Facebook says Apple its restoring a key developer tool
NEW YORK — Facebook says Apple is restoring a key development tool that the iPhone maker disabled Wednesday.
Late Tuesday, TechCrunch reported that Facebook paid teens and other users who agreed to download an app called Facebook Research. That app could extensively track their phone and web use. Apple said Facebook was abusing the tool , known as a developer enterprise certificate, to distribute the app in a way that allowed the social network to sidestep Apple restrictions on data collection.
By revoking the certificate, Apple closed off Facebook’s efforts to sidestep Apple’s app store and its tighter rules on privacy.
Apple did not immediately respond to a message for comment Thursday afternoon. Facebook did not say whether it agreed to any conditions for the certificate restoration.
In an internal memo sent on Wednesday, Facebook told employees it is “working closely” with Apple to reinstate access. It also told workers to install the public versions of apps from the app store. Apps that it said “may not work” included internal versions of Facebook, Workplace, Instagram and the Ride app, which helps workers with transportation. WhatsApp was not affected.

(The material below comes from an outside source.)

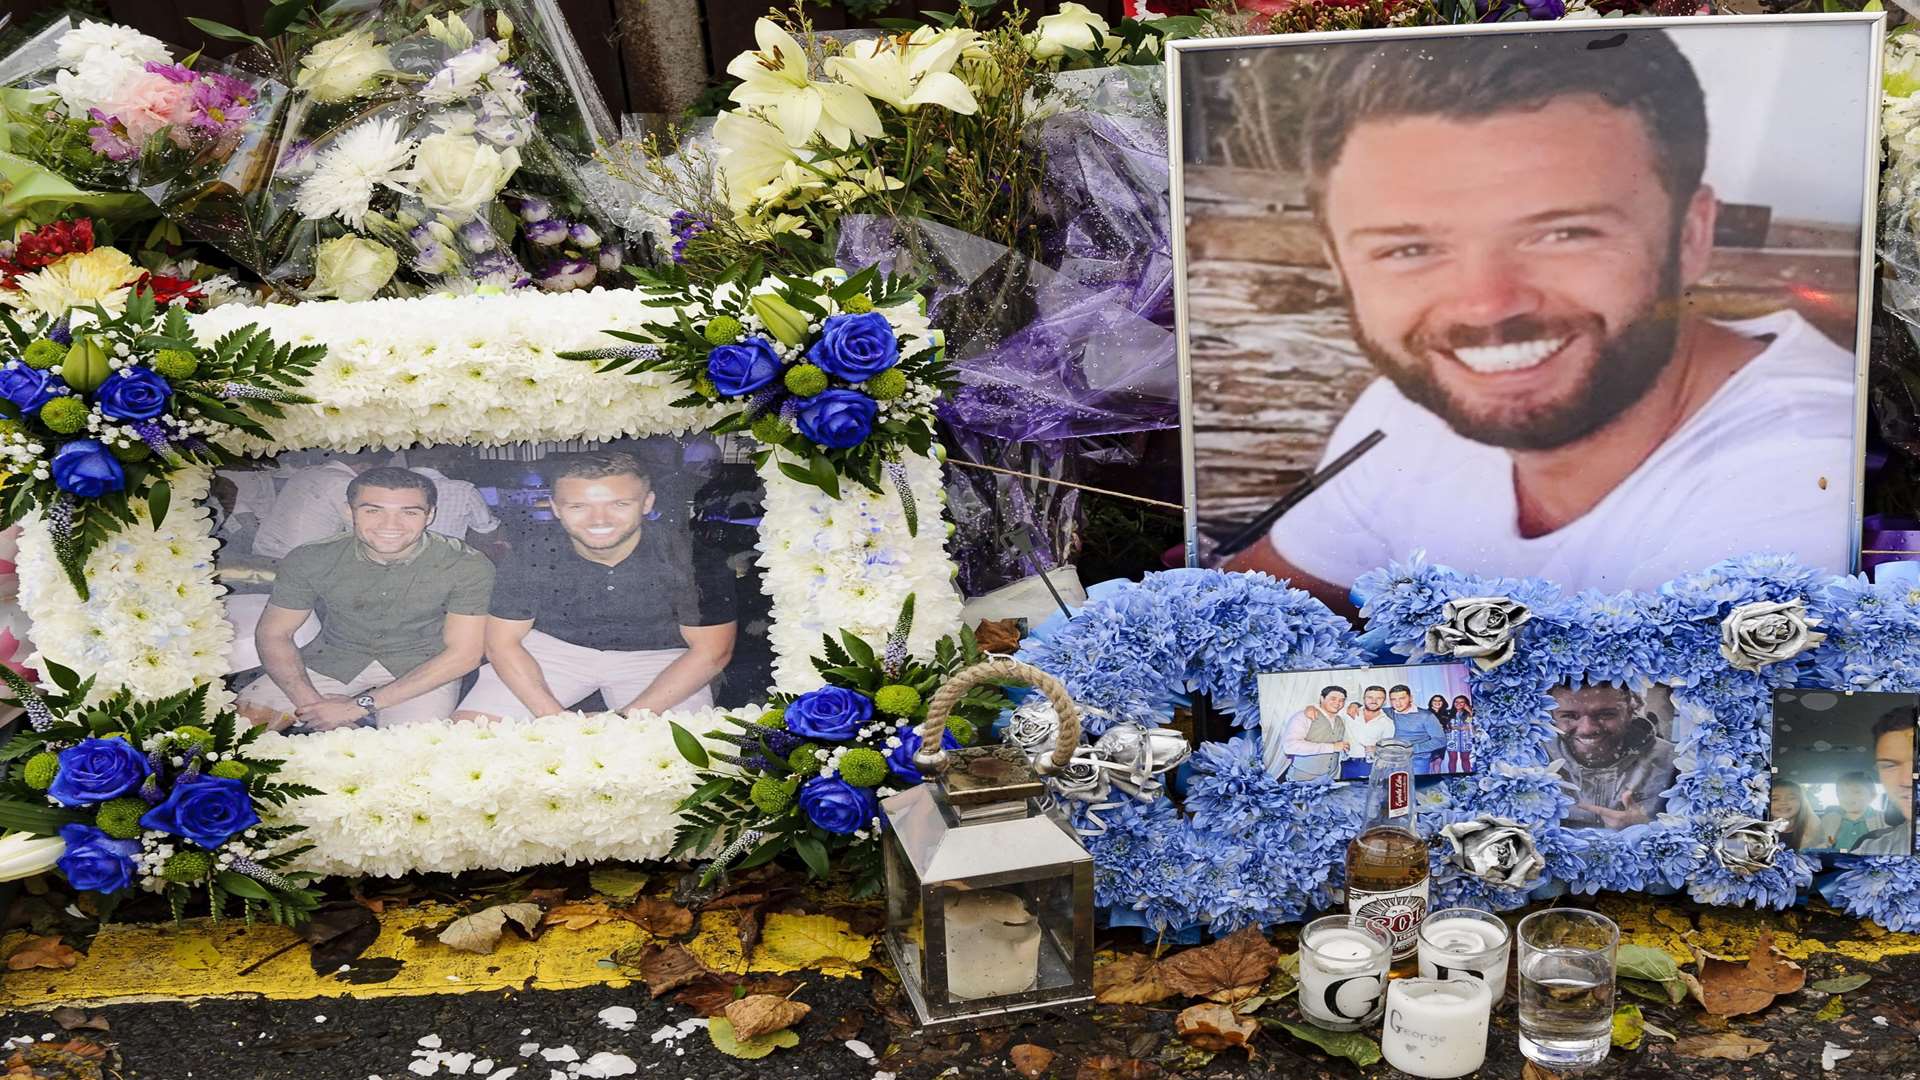 Photo and memories were among the floral tributes left for George Barker

While Facebook engineers could still write code and work on the apps for iPhones and iPads during the shutoff, their ability to test them in the field was limited.
In a statement, Facebook said it is “in the process of getting our internal apps up and running.”
The company noted that the issue had no impact on its consumer services.
During the shutoff, Facebook also lost the ability to create and push out apps such as internal tools and apps to its own employees. That’s a big deal since Facebook likely publishes tools and future products to its own team to test them before it provides them to the public, said Marty Puranik, CEO and founder of cloud hosting company Atlantic.Net.
Puranik, who regularly works with developers, said the certificate revocation also meant developers lost the ability to publish their apps without vetting by Apple. Those in the program can skip Apple’s compliance and user safety checks, which leads to faster updates.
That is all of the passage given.